Startup Ripple has published a quarterly report explaining why it managed to defeat the US Securities and Exchange Commission (SEC) in court.
"This report will debunk several misconceptions we've seen about this decision," the blog says.
Ripple notes that while the quarterly reports are released as a transparency effort, the SEC is using them against the company. This is "ironic for an agency that touts transparency and disclosure."
Ripple about the conflict with the SEC
The company also recalled the decision: on July 13, the court ruled that XRP is not a security. Thus, XRP, along with Bitcoin (BTC), are now the only digital assets in the US with this status.
"The SEC's misguided enforcement campaign has been exposed for what it is - a strategy of intimidation and disinformation in the quest for political power," the blog notes.
Ripple stressed that shortly after the court decision, several cryptocurrency exchanges such as Coinbase, Kraken and Bitstamp made XRP available for trading on their platforms in the US, and XRP became one of the top three digital assets by trading volume. Thus, "not only the court, but also the market spoke out."
Bringing clarity
The startup team believes that since the verdict, a number of inaccuracies and misconceptions about Ripple have emerged.

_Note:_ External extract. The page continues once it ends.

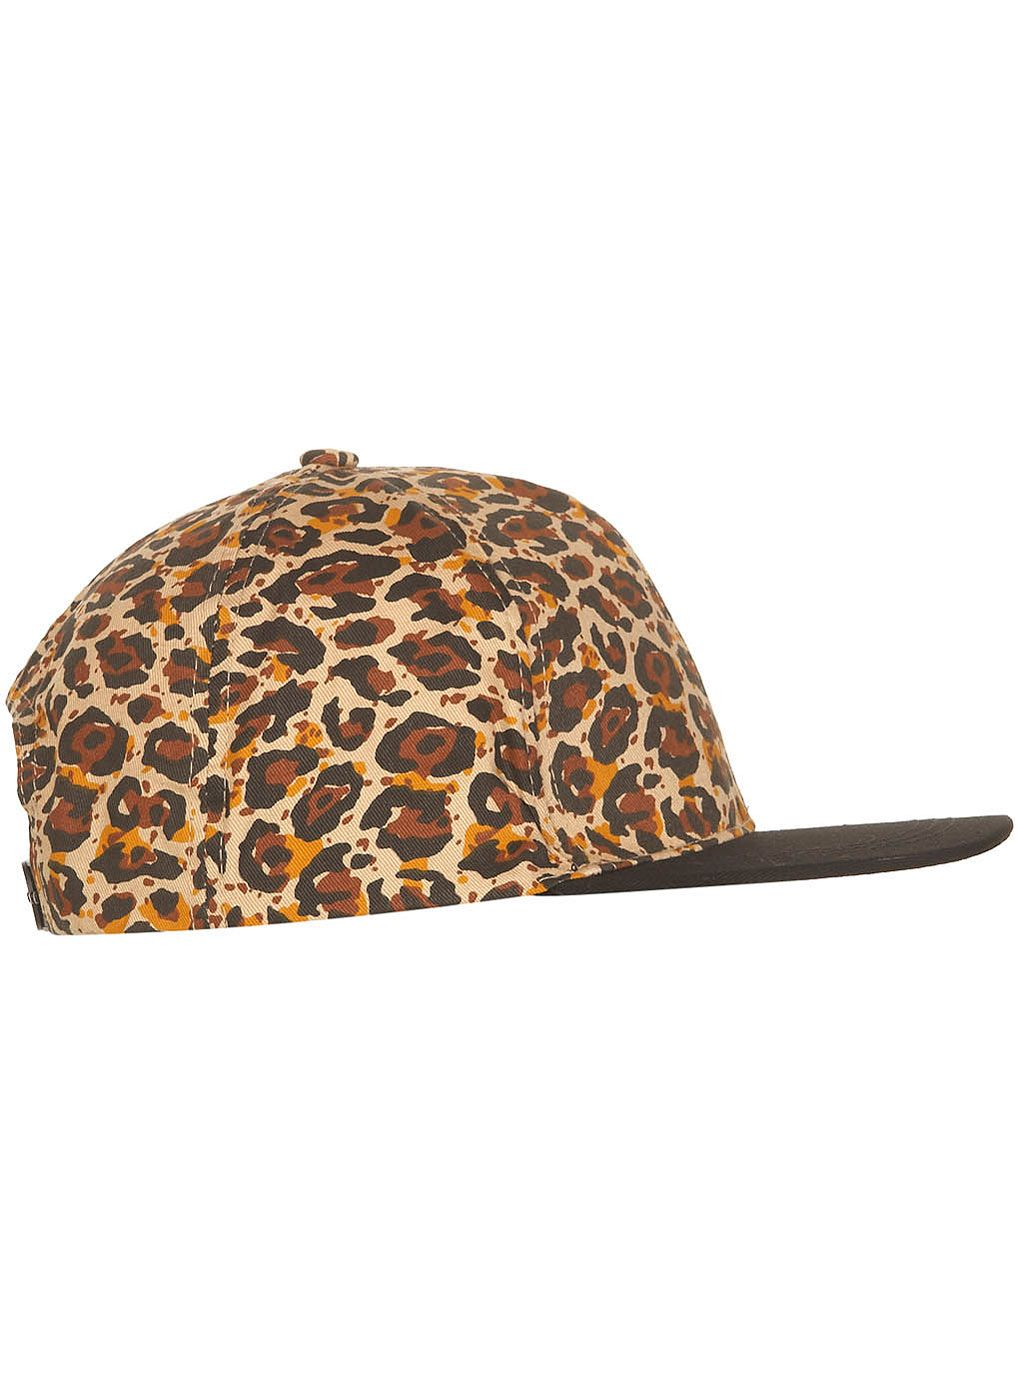 Black Animal Print Snapback - Hats - Accessories - TOPMAN

So, the team emphasized that XRP itself has never been a security. While XRP combined with promises can be traded as an investment contract, XRP itself “does not magically transform into a security.”

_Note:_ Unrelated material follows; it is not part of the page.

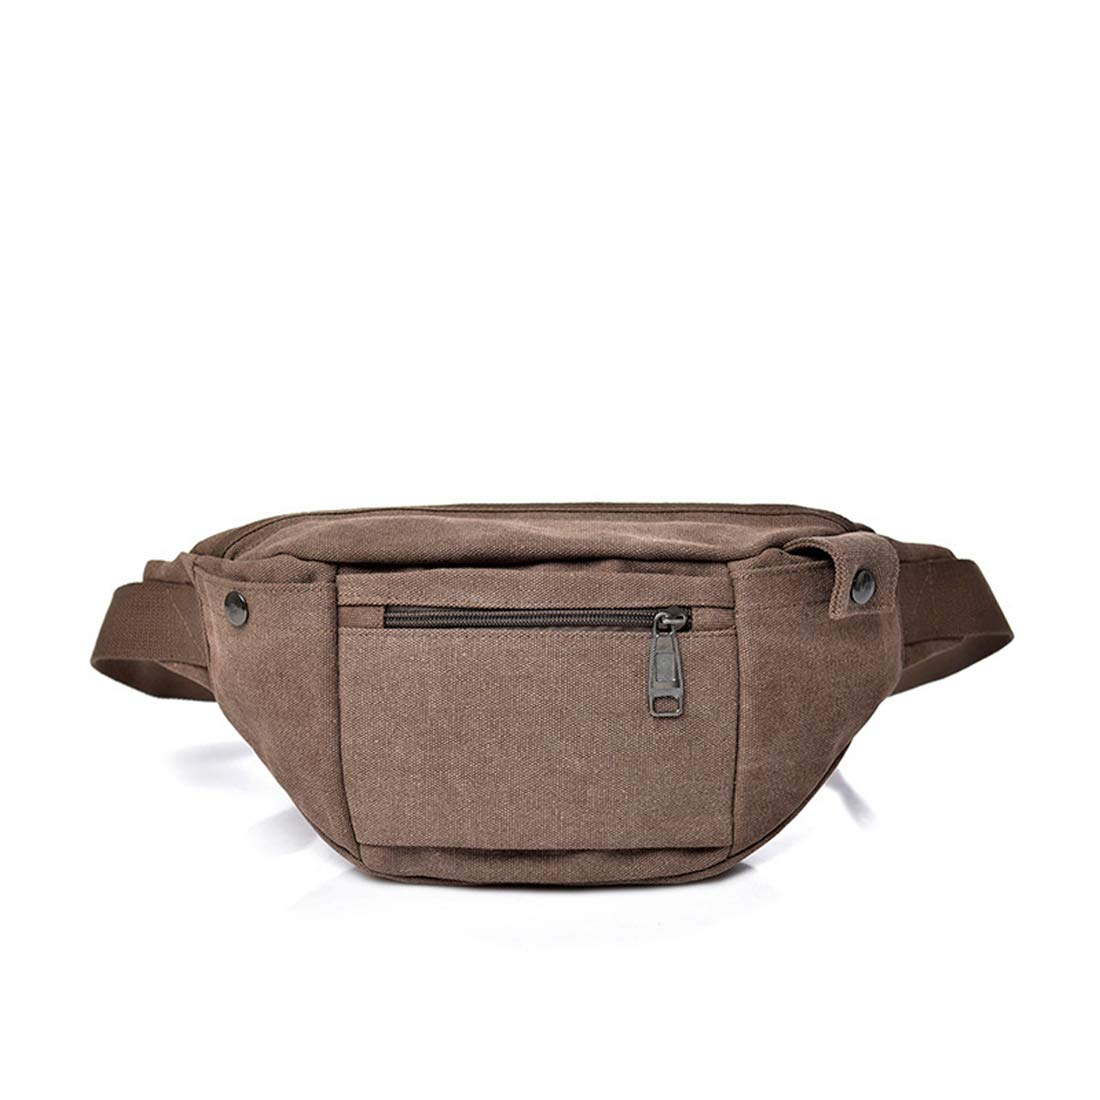 Color : Coffee Color Adams chad Belt Holster Bag Fanny Waist Pack Crossbody Bag for Men Boy

The claim that the court's decision is wrong because it protects sophisticated institutions but not retail customers is also wrong. According to Ripple, the court ruled that the SEC's jurisdiction ends when there are no securities to regulate.
Ripple concluded that the SEC litigation as a whole provides industry representatives with a roadmap to defend themselves if the regulator attempts to make similar baseless claims against other crypto projects.